The Company has determined the estimated fair values of its financial instruments based upon appropriate valuation methodologies.

14. COMMITMENT

The Company entered into a lease agreement on May 1, 2020 for the rental of storage space in Reno, Nevada with a term that expires on April 30, 2022 with an option to renew the lease for a further term of 2 years expiring on April 30, 2024. The remaining rent payable under the lease is $29,688 (US$24,000) up until the lease expires.

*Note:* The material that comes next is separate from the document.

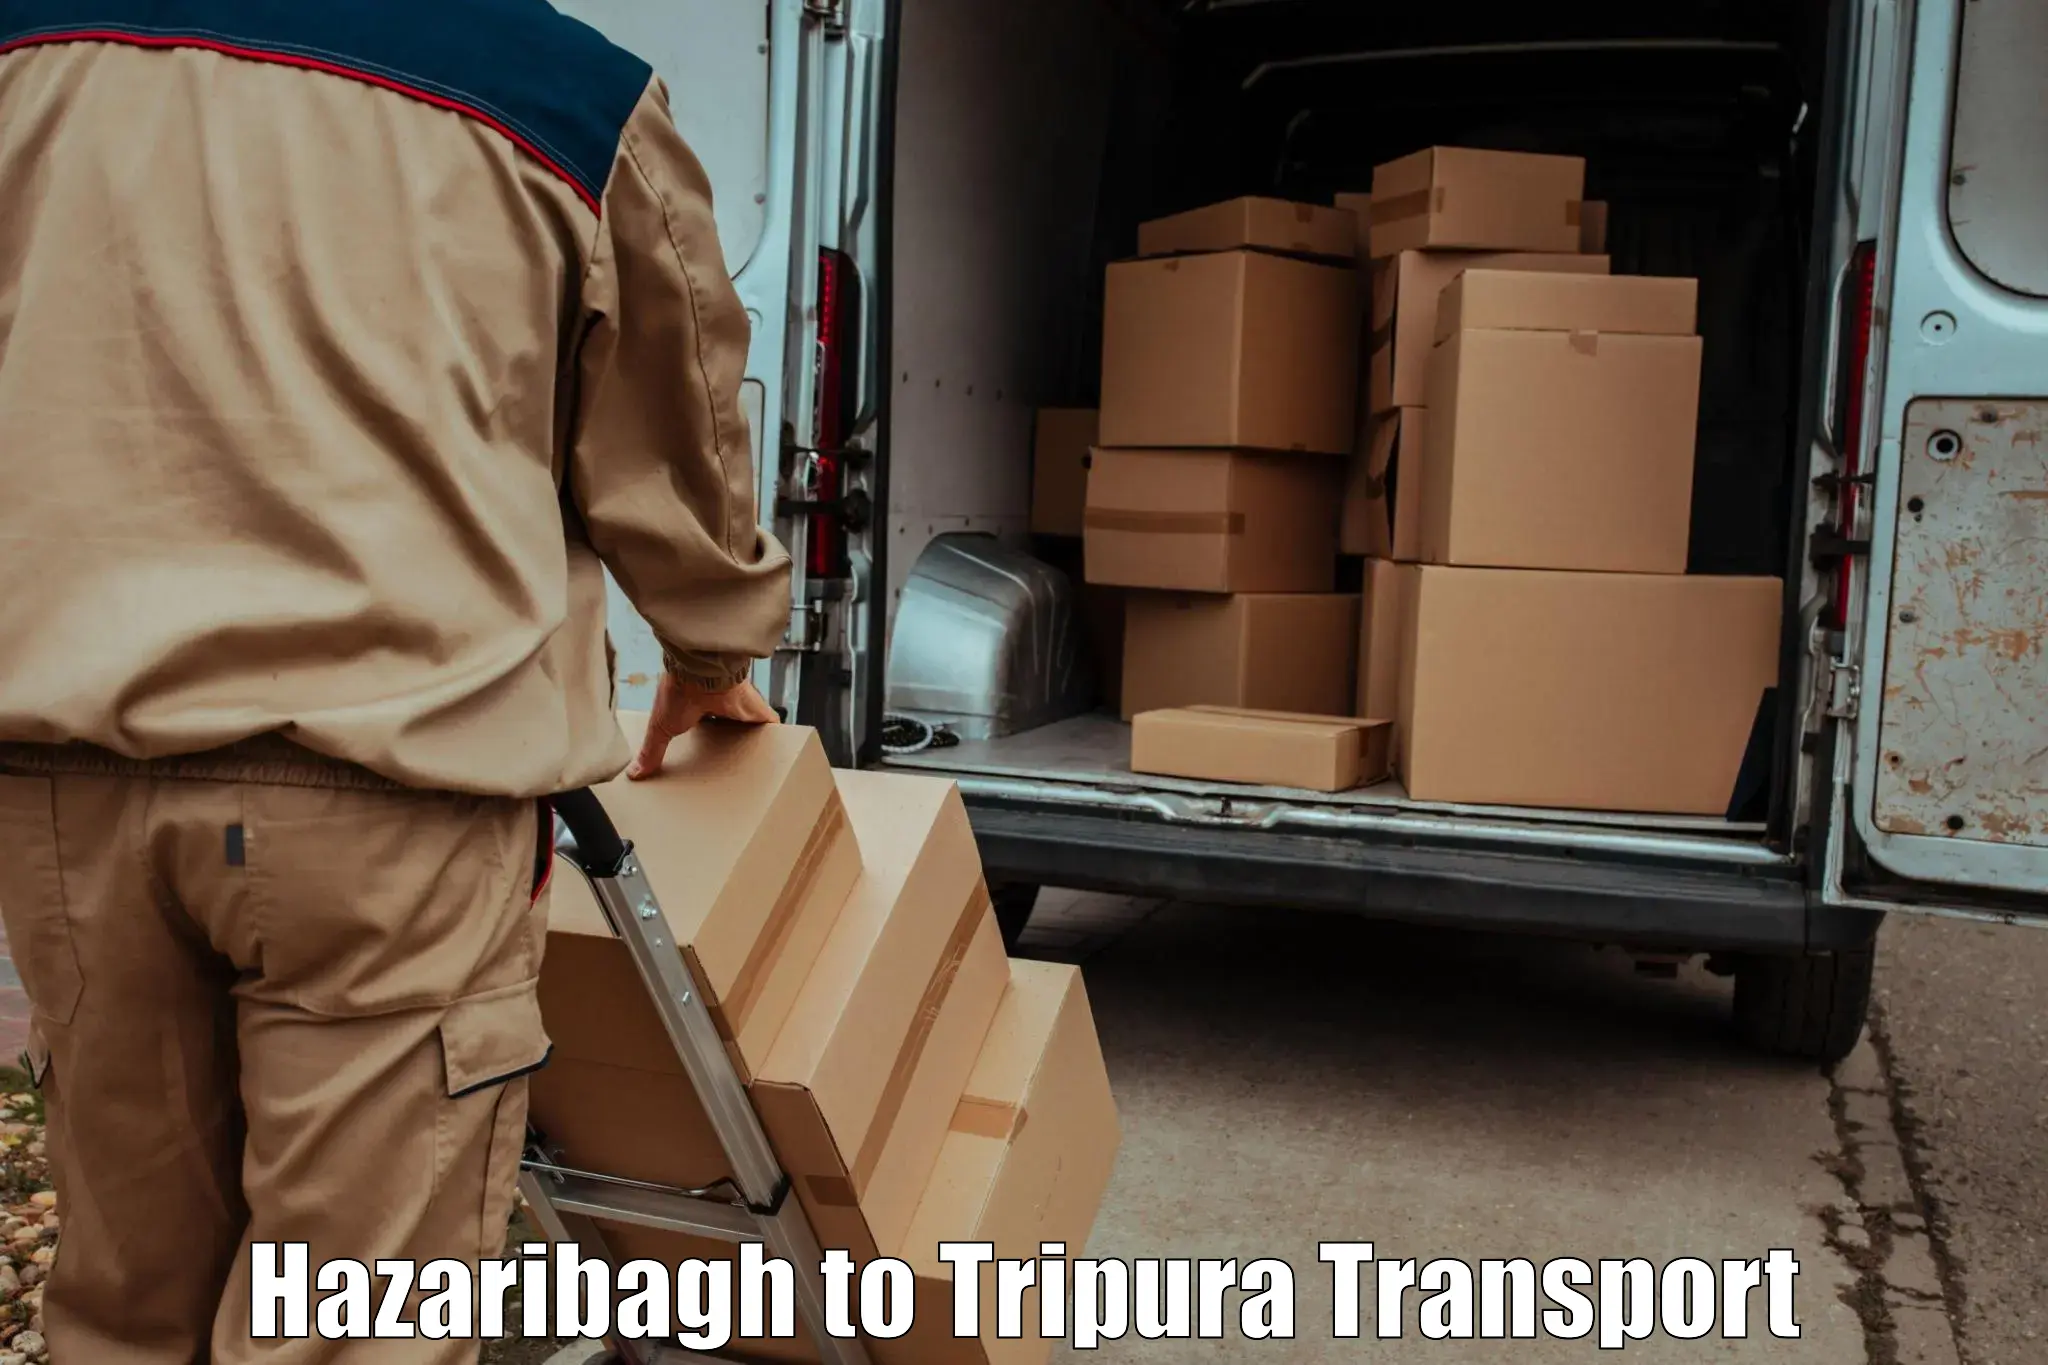 Interstate transport services Hazaribagh to Ambassa

15. SUPPLEMENTAL CASH FLOW INFORMATION

The Company’s non-cash investing and financing transactions are as follows:

June 30, June 30,
2021 2020
($) ($)
Amount transferred from reserves to share capital in connection with
exercise of RSUs. 90,562 -
Amount transferred from reserves to share capital in connection with
exercise of stock options. 26,850 -
Received short-term investments as an option payment against exploration
and evaluation assets. 365,843 334,550
Issuance of finders’ warrants in connection with non-brokered private
placement - 70,600
Issued common shares to Orea to settle Grid Note. 1,072,592 -
1,555,847 405,150

ALLEGIANT GOLD LTD. Notes to the Condensed Interim Consolidated Financial Statements Nine Month Period Ended June 30, 2021 (Unaudited - Expressed in Canadian Dollars)

16. SUBSEQUENT EVENTS

Subsequent to June 30, 2021, the Company:

  • a) completed a bought deal financing under a short form prospectus wherein it issued 12,500,000 units at a price of $0.40 per unit for aggregate proceeds of $5,000,000. Each unit consisted of a common share and one half of a common share purchase warrant which entitles the holder to acquire an additional common share at a price of $0.70 for a period of two years from the date of closing. The Company paid cash fees totalling $268,500 to the syndicate of Agents that completed the financing and issued a total of 296,250 Agent’s Warrants which are exercisable at $0.40 per share for a period of two years from the date of closing.

  • b) entered into a lease with option to purchase agreement to acquire certain mineral claims adjacent to the Eastside property. The Company will be required to issue US$60,000 in common shares to cover the first two years of lease payments. Subsequent annual lease payments will consist of a combination of cash and common share payments that escalate each year until 2027 and thereafter will be subject to a CPI adjustment. At any time the Company can exercise a purchase option to acquire 100% ownership of the claims by making a cash payment of US$750,000. The property is subject to a 3% NSR royalty which can be reduced to 1% by making cash payments totalling US$2,000,000.

  • c) issued 20,000 common shares pursuant to the exercise of share purchase warrants for aggregate proceeds of $8,000.